Abstract

There is a sparse number of credible source models available from large‐magnitude past earthquakes. A stochastic source‐model‐generation algorithm thus becomes necessary for robust risk quantification using scenario earthquakes. We present an algorithm that combines the physics of fault ruptures as imaged in laboratory earthquakes with stress estimates on the fault constrained by field observations to generate stochastic source models for large‐magnitude (Mw 6.0–8.0) strike‐slip earthquakes.
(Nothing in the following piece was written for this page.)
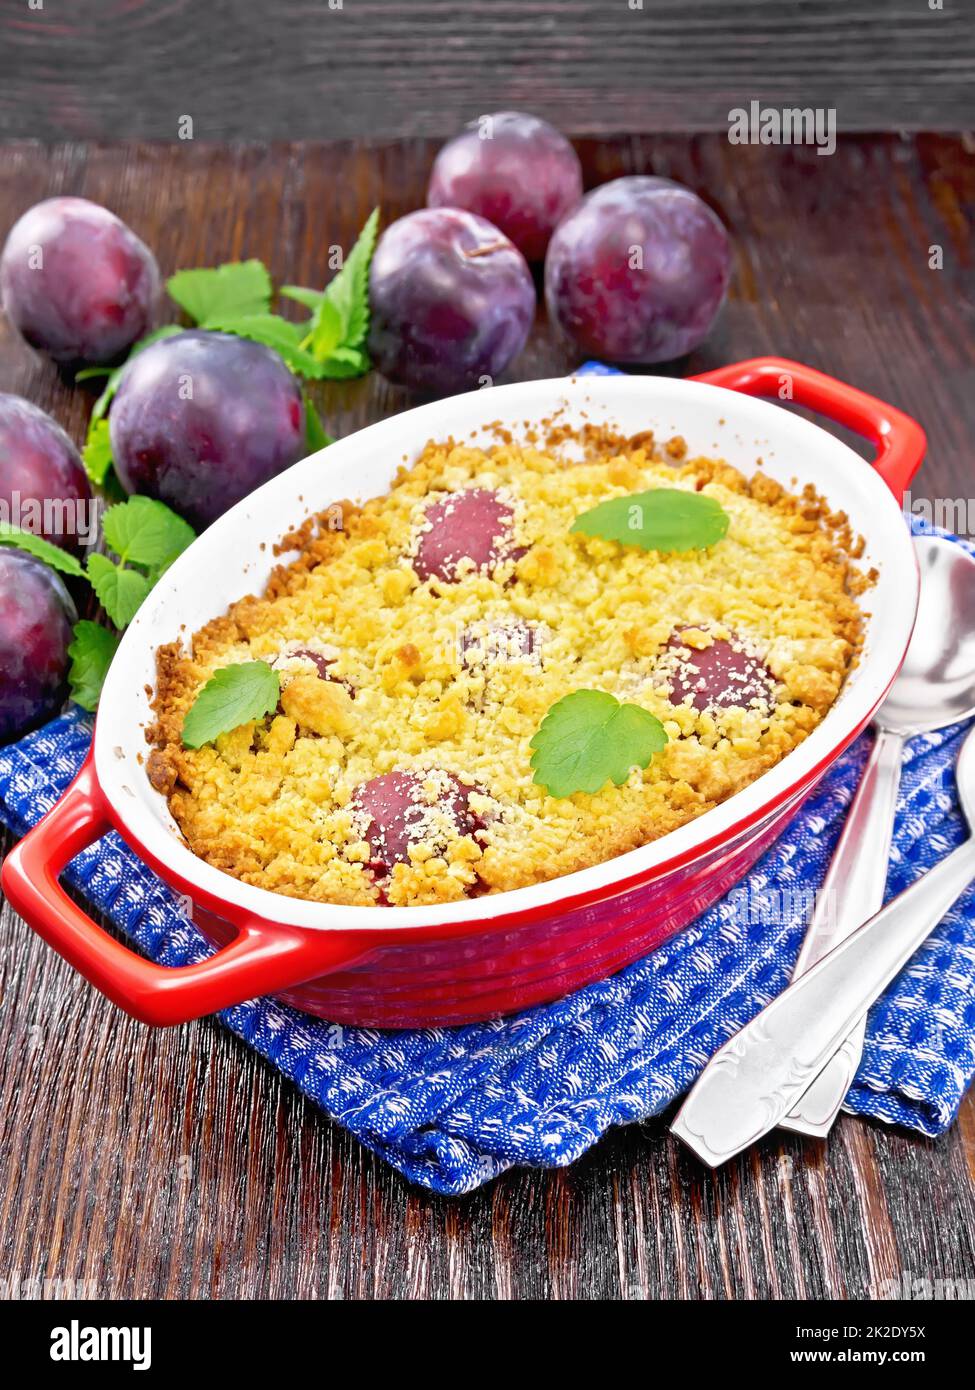 Crumble with plum in brazier on wooden board Stock Photo
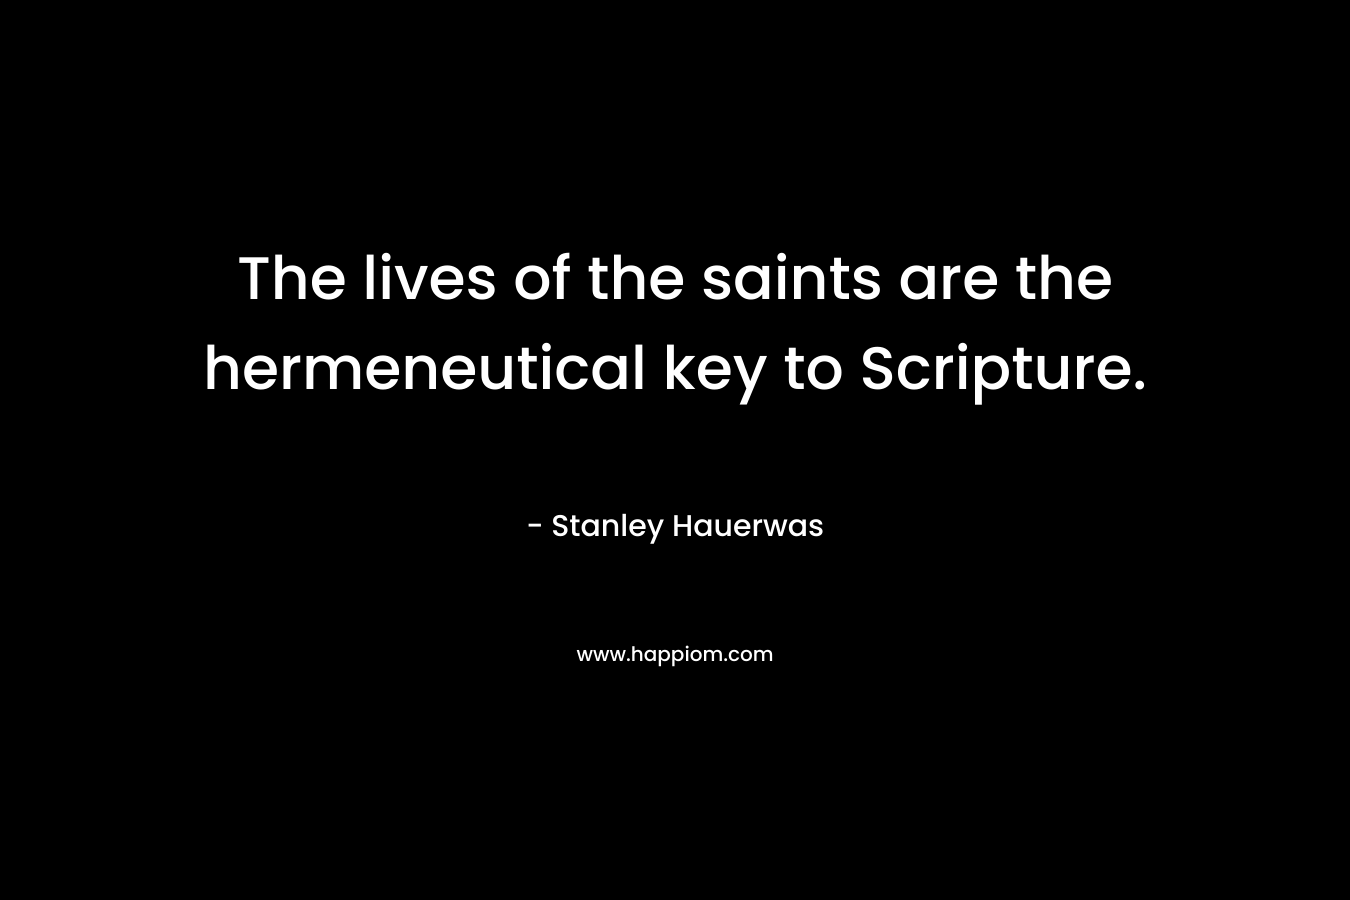 The lives of the saints are the hermeneutical key to Scripture. – Stanley Hauerwas

The algorithm is validated through a statistical comparison of synthetic ground‐motion histories from a stochastically generated source model for a magnitude 7.90 earthquake and a kinematic finite‐source inversion of an equivalent magnitude past earthquake on a geometrically similar fault. The synthetic dataset comprises three‐component ground‐motion waveforms, computed at 636 sites in southern California, for 10 hypothetical rupture scenarios (five hypocenters, each with two rupture directions) on the southern San Andreas fault. A similar validation exercise is conducted for a magnitude 6.0 earthquake, the lower magnitude limit for the algorithm. Additionally, ground motions from the Mw 7.9 earthquake simulations are compared against predictions by the Campbell–Bozorgnia Next Generation Attenuation relation, as well as the ShakeOut scenario earthquake. The algorithm is then applied to generate 50 source models for a hypothetical magnitude 7.9 earthquake originating at Parkfield, California, with rupture propagating from north to south (toward Wrightwood), similar to the 1857 Fort Tejon earthquake. Using the spectral element method, three‐component ground‐motion waveforms are computed in the Los Angeles basin for each scenario earthquake and the sensitivity of ground‐shaking intensity to seismic source parameters (such as the percentage of asperity area relative to the fault area, rupture speed, and rise time) is studied.

Online Material: Figures of source and simulated peak ground motions for an Mw 6.05 scenario on the southern San Andreas fault, and table of VS30 and basin depth at stations.